MINNEAPOLIS (WCCO) – In a WCCO Exclusive, Senator Al Franken is talking about the allegations against him.
"I'm not going to make any excuses. I am embarrassed and ashamed, of some of what has come out," Franken said Sunday.
In an interview at his daughter's home in Washington D.C., Senator Franken told WCCO's Esme Murphy he has no intentions of stepping down. And as Esme shows us in this WCCO Exclusive, he's committed to earning back the trust of Minnesotans.
In a 35-minute interview, Sen. Al Franken walked a line between apologizing and insisting he doesn't recall specific groping allegations brought by four different women.
"I understand I am going to have to do everything I can going forward to be enormously sensitive, I apologize to these women," Franken said.
The first allegation that surfaced was from radio host Leeann Tweedan, who said that during a USO tour in 2006, shortly before he announced his run for the Senate, Franken forcibly kissed her against her will.
"With Leeann Tweeden, I said I had a different recollection of the kiss we had," Franken said.
"What is your recollection?" Murphy asked.
"My recollection is different than hers. I apologized to her and meant it and she was gracious enough to accept my apology," Franken said.

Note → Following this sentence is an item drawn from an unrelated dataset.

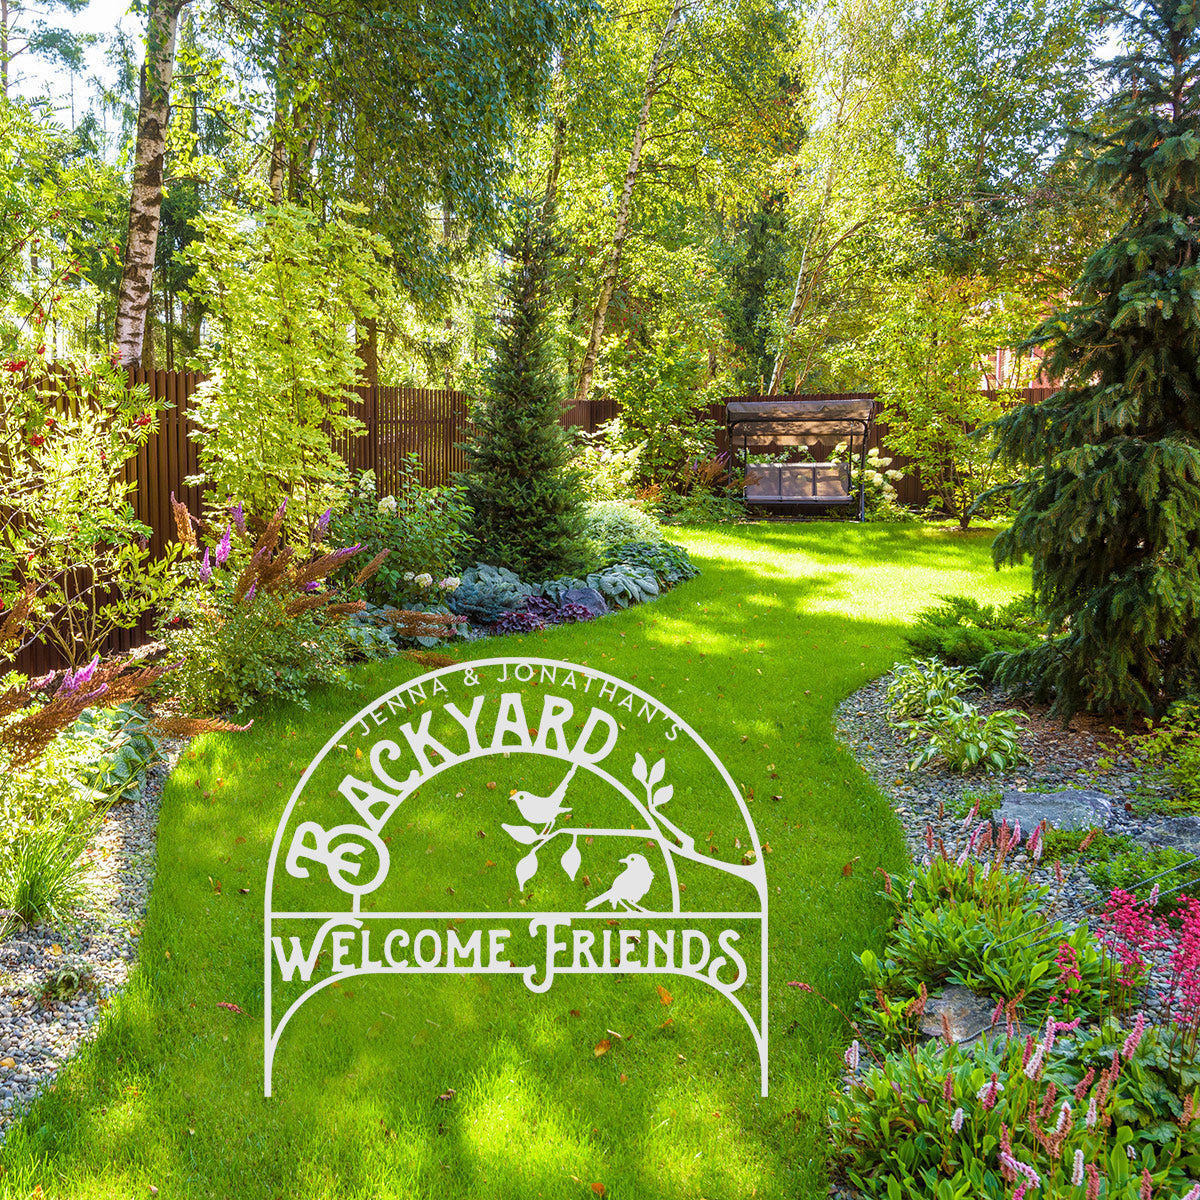 Backyard Welcome Friends metal sign staked into a manicured lawn White

FULL INTERVIEW: WCCO'S Esme Murphy Talks With Al Franken
Franken did unequivocally apologize for this photograph from that same trip that shows him smiling with his hands over Tweeden's breasts.
"The picture was inexcusable and that is what I am most ashamed for," Franken said.
Then there are the three other women: Lindsay Menz, and two who came forward anonymously in a Huffington Post article. All have similar stories claiming that Franken, while posing pictures with them, grabbed their buttocks. They say the incidents happened between 2007 and 2010, while Franken was either campaigning for the Senate or was a Senator.
"Are they mistaken that their butt was grabbed is that what you are saying?" Murphy asked.
"I am not saying that. As I said, I take thousands of photos. I don't remember these particular photos," Franken said.
"With all due respect, people are going to find it hard to believe that someone such as yourself wouldn't know that they were grabbing someone's butt," Murphy said.
"I can understand how some people would see it that way," Franken said.
"But have you ever placed a hand on some woman's butt?" Murphy asked.
"I can't say that it hasn't happened. In crowded chaotic situations, I can't say that I have not done that. I am very sorry if these women experienced that," Franken said.
"Are there going to be any other women who are going to come forward? Are there any other allegations that you know of?" Murphy asked.
"If you had told me two weeks ago that women were going to come forward and say I disrespected them, I would have said no," Franken said.
"I don't think any of the women are using that word disrespected," Murphy said.
"Or done anything like this," Franken said.
"Disrespected is your word. Leeann Tweeden said you forcefully kissed her," Murphy said.
"I know what she said," Franken said.
"They are not using the word disrespect. People are looking at that word and saying 'No.' Lindsay Menz said you molested her on Facebook right afterward. I think these women feel this goes way behind disrespect," Murphy said.
"I understand that I have a different recollection," Franken said.
Franken says he is going back to work on Monday.
"I think I can win back the respect of the people of Minnesota and I understand I have a long way to go," Franken said.
"So I take it that you have no intention of resigning?" Murphy asked.
"No we have an ethics process that I have agreed to cooperate with completely," Franken said.
Franken, who was among the most aggressive of questioners during appointment hearing for President Trump's cabinet members, says he is not going to let up on his criticism of the Trump administration.
"Can you really continue to claim the moral high ground, particularly in issues surrounding the Trump administrations Russia ties, when many people feel you have been less than transparent about these issues?" Murphy asked.
"Well I think I am a good questioner. My questions don't go to my credibility. They go to the credibility of the witnesses," Franken said.
"But hasn't your credibility been undermined?" Murphy asked.
"I would say yes and I have a long way to go to win back the trust of the people of Minnesota. There are a lot of people I have let down, my friends and staff, my family down. I am just very sorry," Franken said.
Senator Franken declined to talk about other prominent politicians and other public figures accused of sexual harassment, including President Trump, Alabama Senate Candidate Roy Moore and former CBS & PBS news anchor Charlie Rose.
Sixty-five prominent DFL women signed a statement in support of Senator Franken saying, in part, "While we are discouraged by the allegations, we appreciate that he has apologized and is committed to regaining the trust of Minnesotans."